══ GIVEN INFORMATION ══

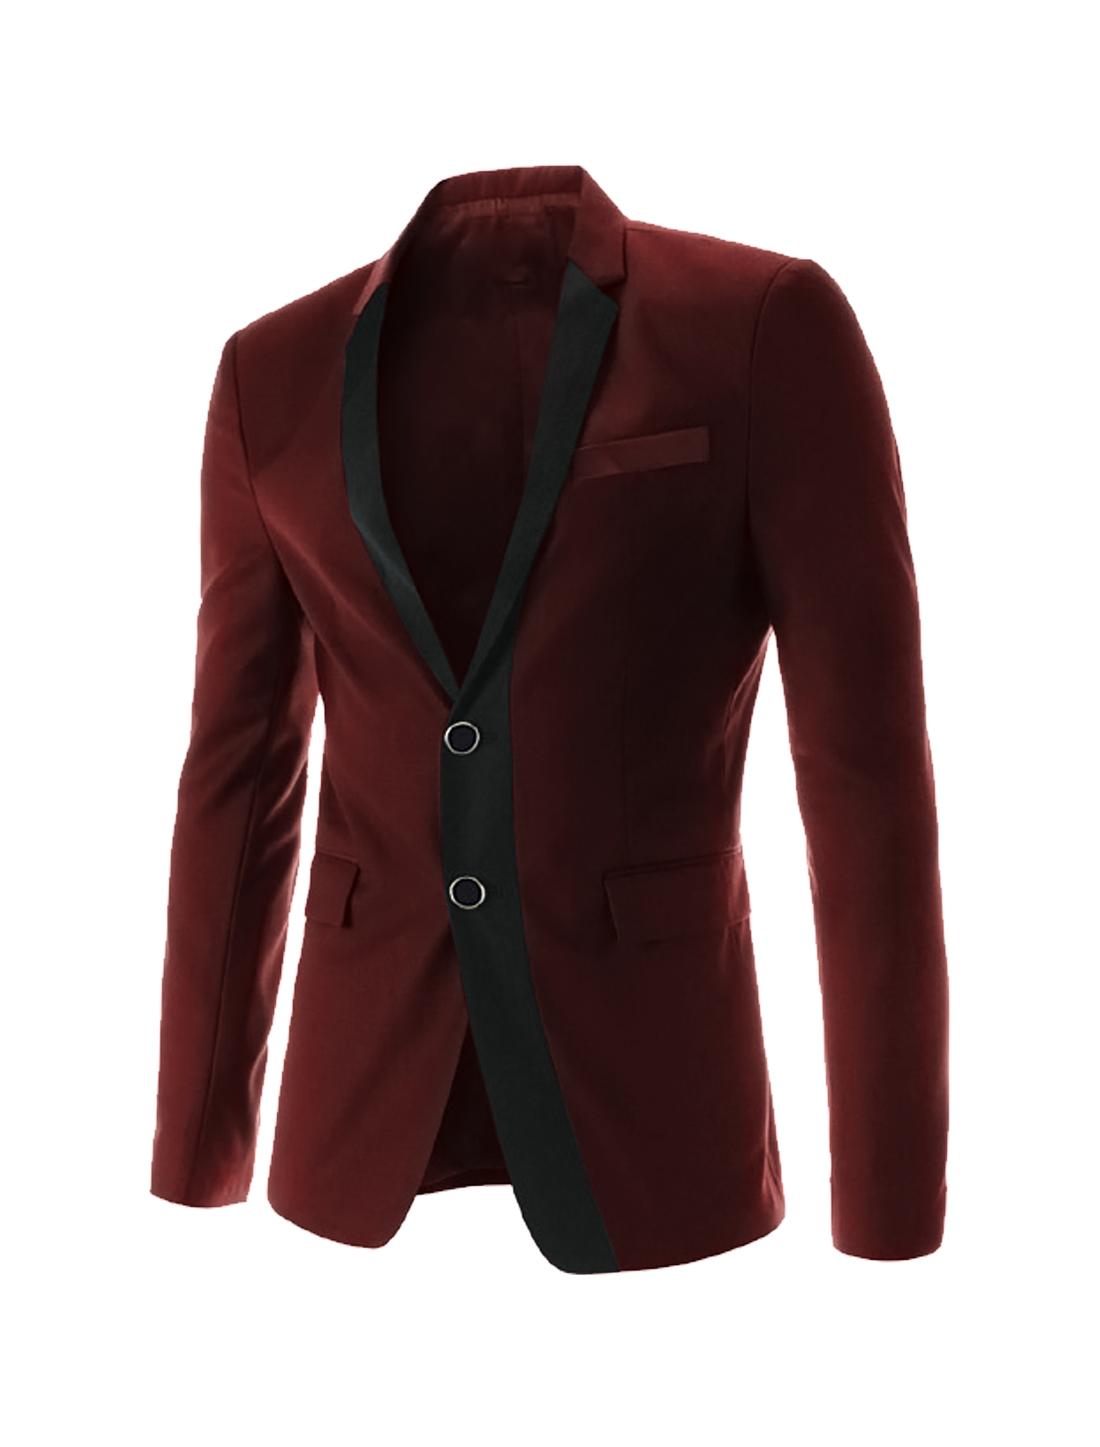 Men Long Sleeve Button Closure Front Pockets Blazer Jacket Burgundy M
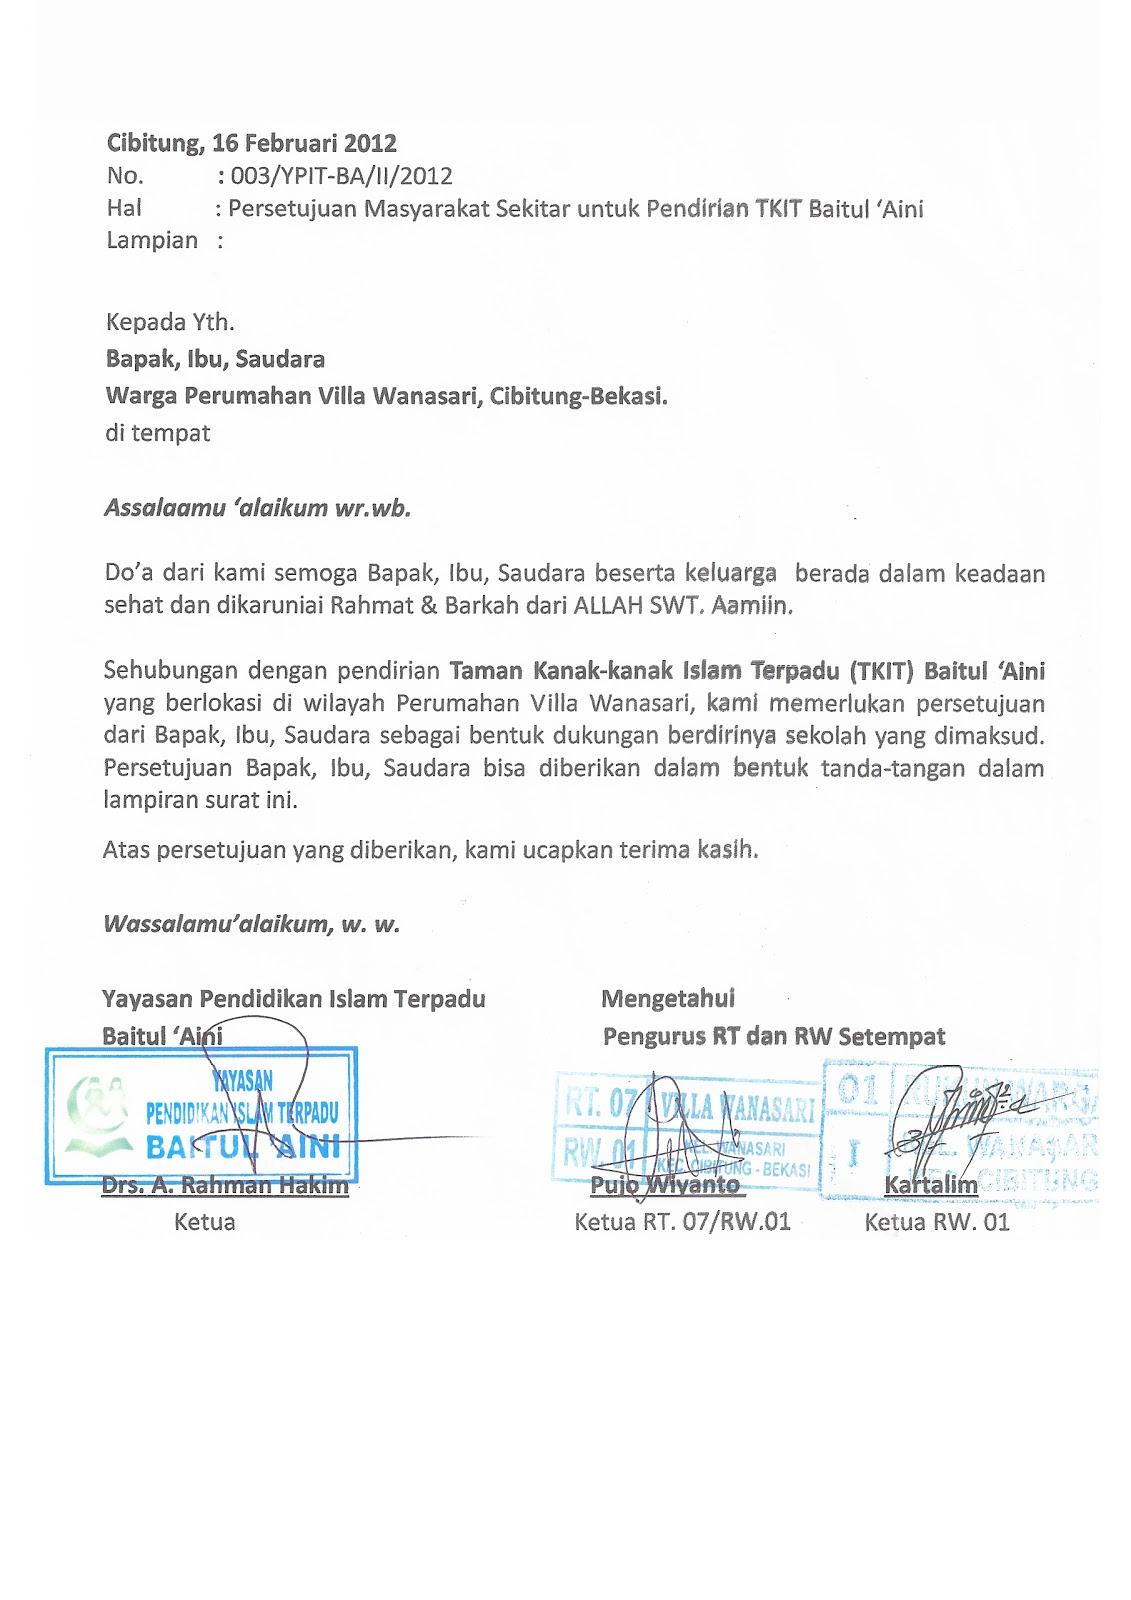 TKIT-TPQ BAITUL 'AINI: Contoh Format Persetujuan Warga ...
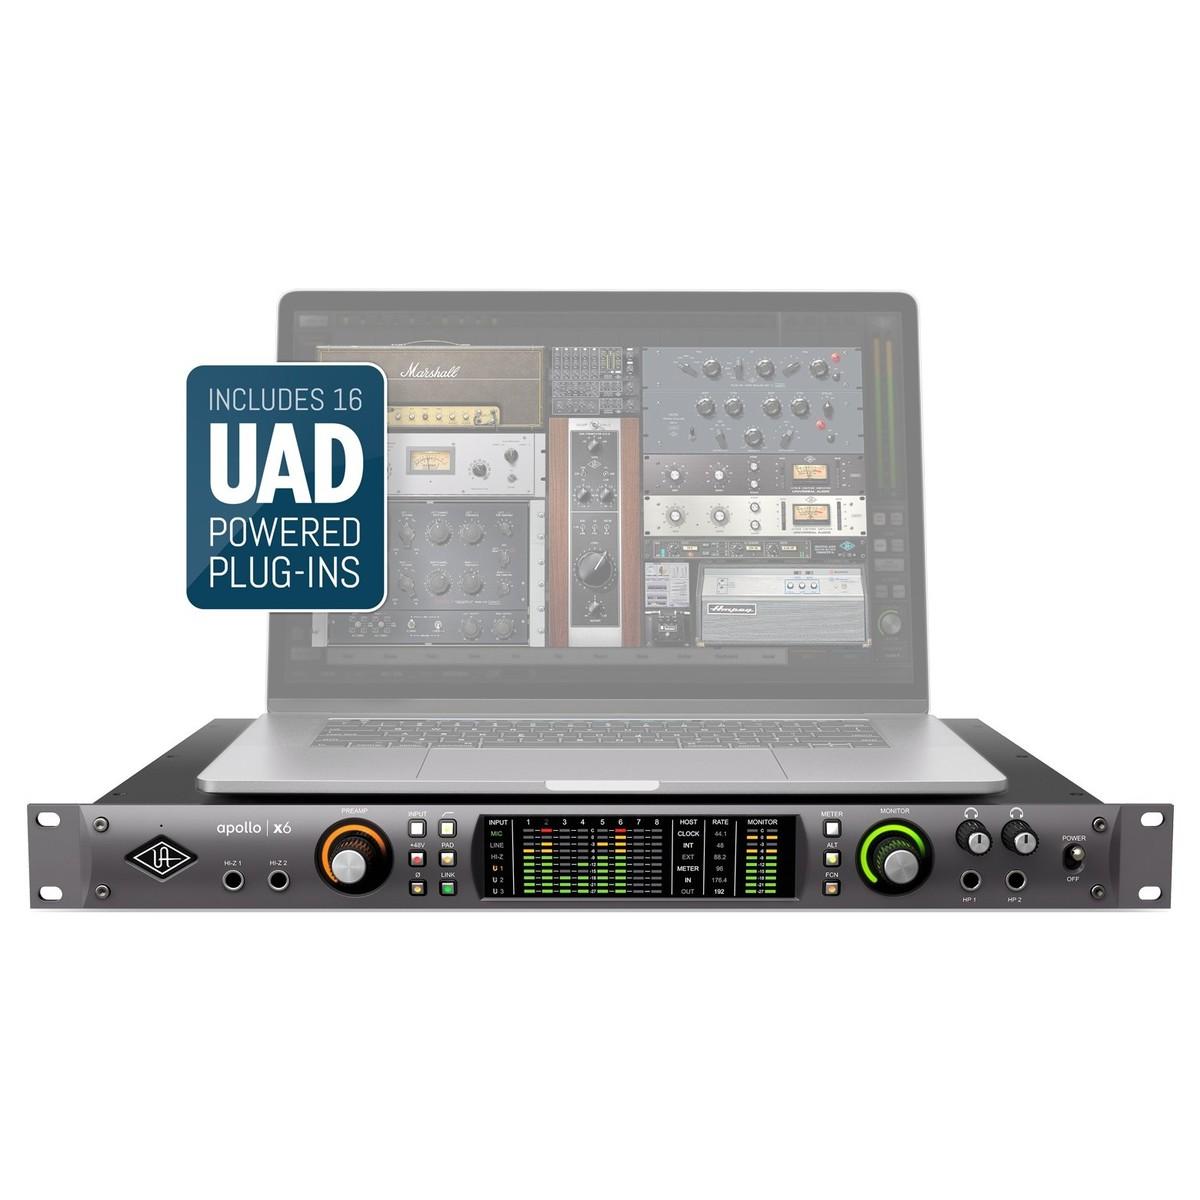 universal audio apollo x6 thunderbolt 3 audio interface at gear4music. Black Bedroom Furniture Sets. Home Design Ideas
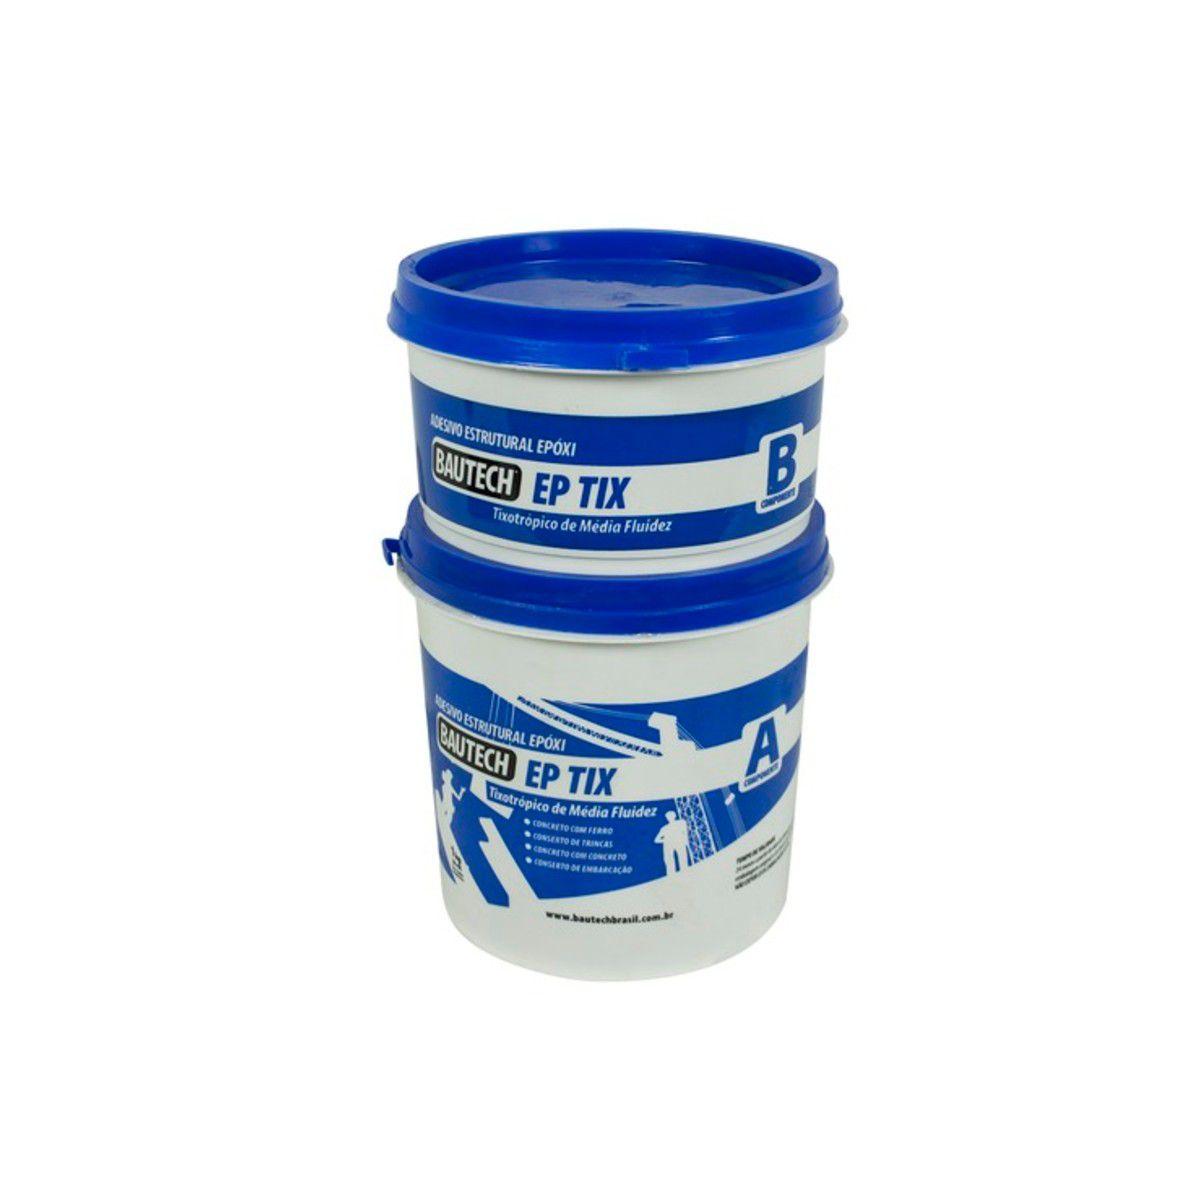 Cola Estrutural Adesivo Ep 1kg Compound Bautech

═══

#### DESCRIPTION OF THE TASK:
No pictures should appear in the copy. Reproduce exactly the lines from the line containing "TKIT-TPQ BAITUL 'AINI: Contoh" through the last line of the data, inclusive.

#### RESULT OF THE EXERCISE:
 TKIT-TPQ BAITUL 'AINI: Contoh Format Persetujuan Warga ...
 universal audio apollo x6 thunderbolt 3 audio interface at gear4music. Black Bedroom Furniture Sets. Home Design Ideas
 Cola Estrutural Adesivo Ep 1kg Compound Bautech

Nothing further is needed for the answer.